Alain Prost debuts the new RE30 at Zolder

Team History

In 1977, French car manufacturer Renault decided to enter a factory team in Formula One, partly as a prestige project but mainly as a testbed for new advances in turbo-charger technology. The first turbo-charged car in F1 history debuted at the British Grand Prix in 1977 driven by Jean-Pierre Jabouille and made it 16 laps before the turbo broke – and for the rest of the year and most of the following one the team’s efforts were rewarded only with the frequent sight of their cars pulling off with broken engines – assuming they made the grid at all. However, the team didn’t give up and for 1979 introduced a new ground-effect car and a second driver in René Arnoux. It was more of the same for the first half of the season – qualifying times improved but races saw the “yellow kettles” brewing up with monotonous regularity, but then at the French Grand Prix at Dijon the two cars suddenly came good – qualifying on the front row and then driving a magnificent race for Jabouille to take the team’s first win and Arnoux to come in third after an epic battle for second with Gilles Villeneuve. Arnoux went on to score two more second places and a sixth. 1980 saw the team challenging more regularly but still prone to reliability issues; Jabouille won in Austria but retired from every other race bar one, while Arnoux won in Brazil and South Africa from pole and had better luck. At the penultimate race of the season, Jabouille crashed heavily and broke his leg, just after signing for the Ligier team, while Alain Prost was tempted away from McLaren after his debut year there to partner Arnoux for a hopefully better 1981.

Prost15. Alain Prost fr

Alain Prost took to karting from an early age and left school in 1974 to concentrate on his racing career. He moved up to French Formula Renault, winning his first season, then into Formula Three in 1978, winning both the French and European F3 titles in 1979, placing him firmly on F1 teams’ radar. In the end, he signed for McLaren for the 1980 season and scored a point in his first race and four more over the season. A promising first year, though, was marred by a number of accidents for which Prost felt he was unduly blamed when the car itself was at fault, and he moved to the French Renault team for 1981, replacing Jean-Pierre Jabouille alongside the experienced Arnoux.

Arnoux16. René Arnoux fr

René Arnoux won the 1977 European Formula Two championships with the Renault F2 team, but got his Formula One debut with small French garage team Martini – he qualified four times and finished three races, but the team folded before the end of the year and Arnoux moved to Surtees – also on its last legs – for the final two races in which he finished once. However his clear talent and Renault connections won him a seat at the company’s works Formula One team when it expanded to two cars for 1979 and despite the car’s unreliability Arnoux managed to score his first points – three podium visits including that epic battle with Villeneuve in France and a sixth place. In 1980 he went one better and won two races at the start of the year, though poor reliability restricted his results to one more podium and a lower points finish.


2 thoughts on “Renault

  1. “For the rest of [1977] and most of [1978] the team’s efforts were rewarded only with the frequent sight of their cars pulling off with broken engines – assuming they made the grid at all.”
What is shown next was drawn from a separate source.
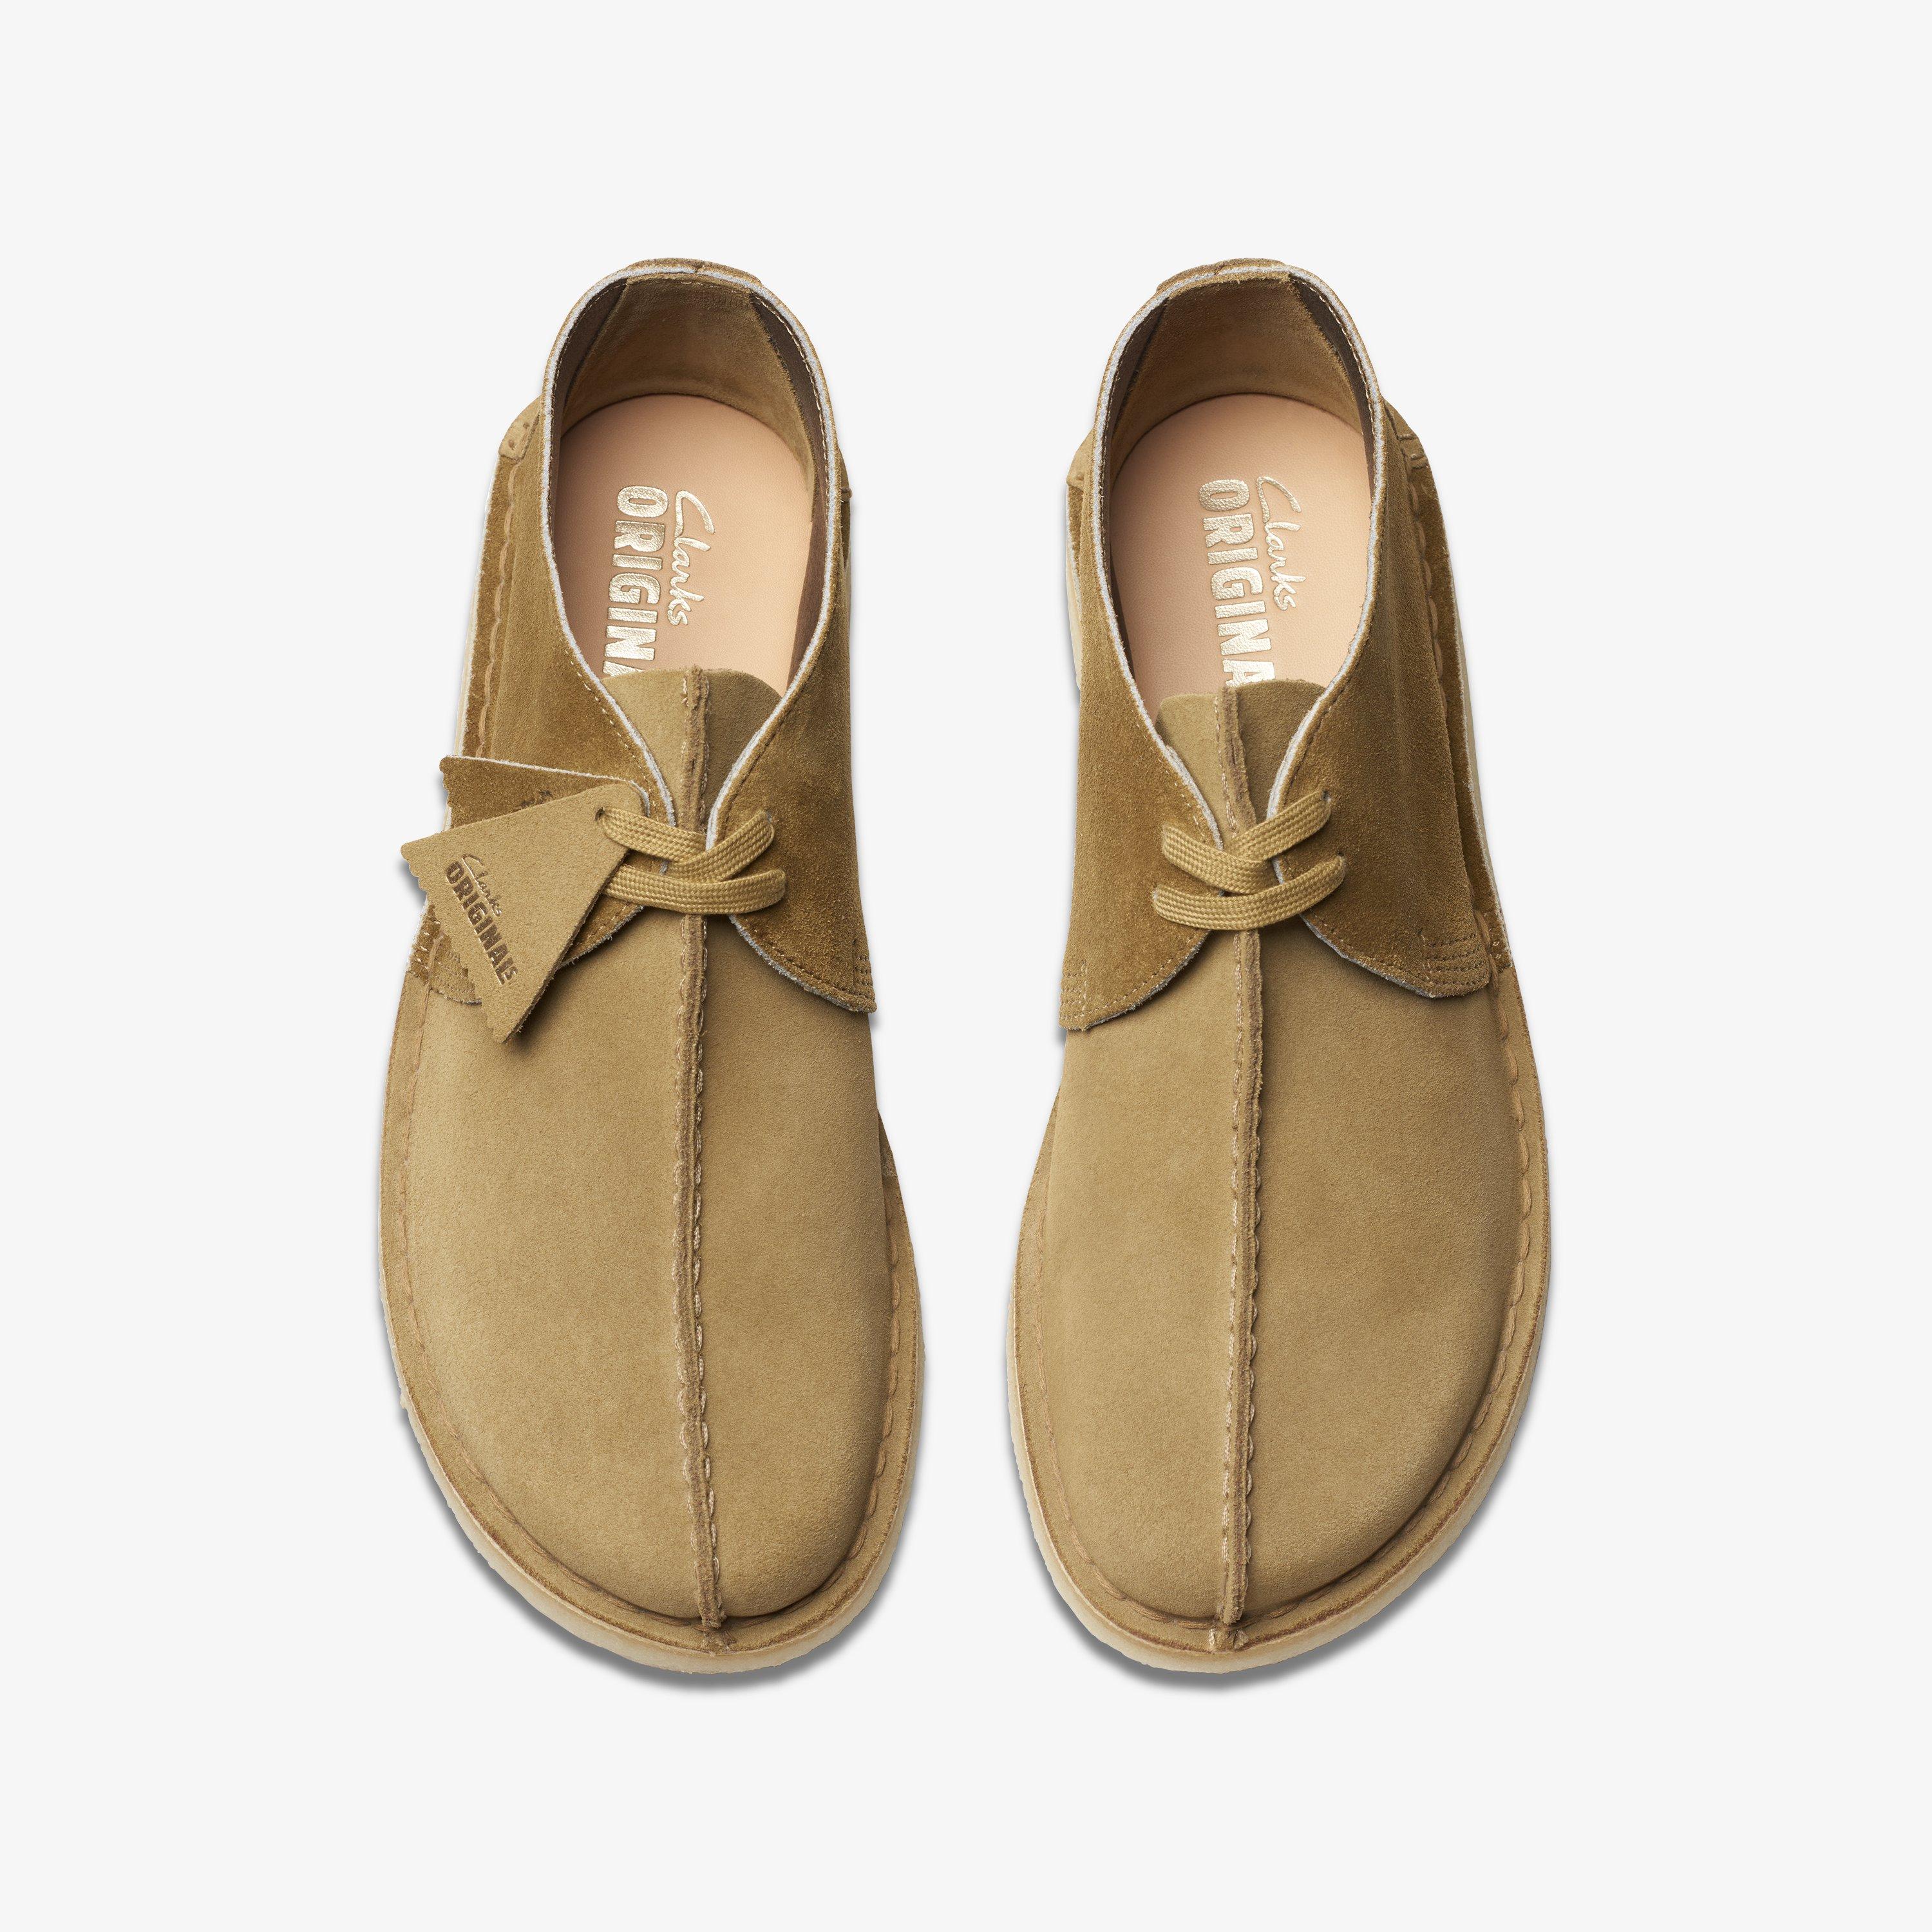 Men's Shoes Clarks Originals DESERT BOOT Leather Chukkas 48539 TAN

    They actually had just the one failure to qualify during this period, at Mosport Park in ’77. And Jabouille twice qualified third in ’78 – behind only the dominant Lotuses of Peterson and Andretti (in that order) at the Österreichring, and behind only Andretti and Villeneuve’s Ferrari at Monza.

    And, of course, he finished fourth at Watkins Glen.

    So the team were already on an upward curve – if not a steep one – when ’79 came round.


    1. Hmm. Perhaps a bit hyperbolic of me and I don’t know the earlier era that well so I guess I’d just taken the “Renault were rubbish before 1980” idea to heart… Again, when proofreading, I’ll tweak.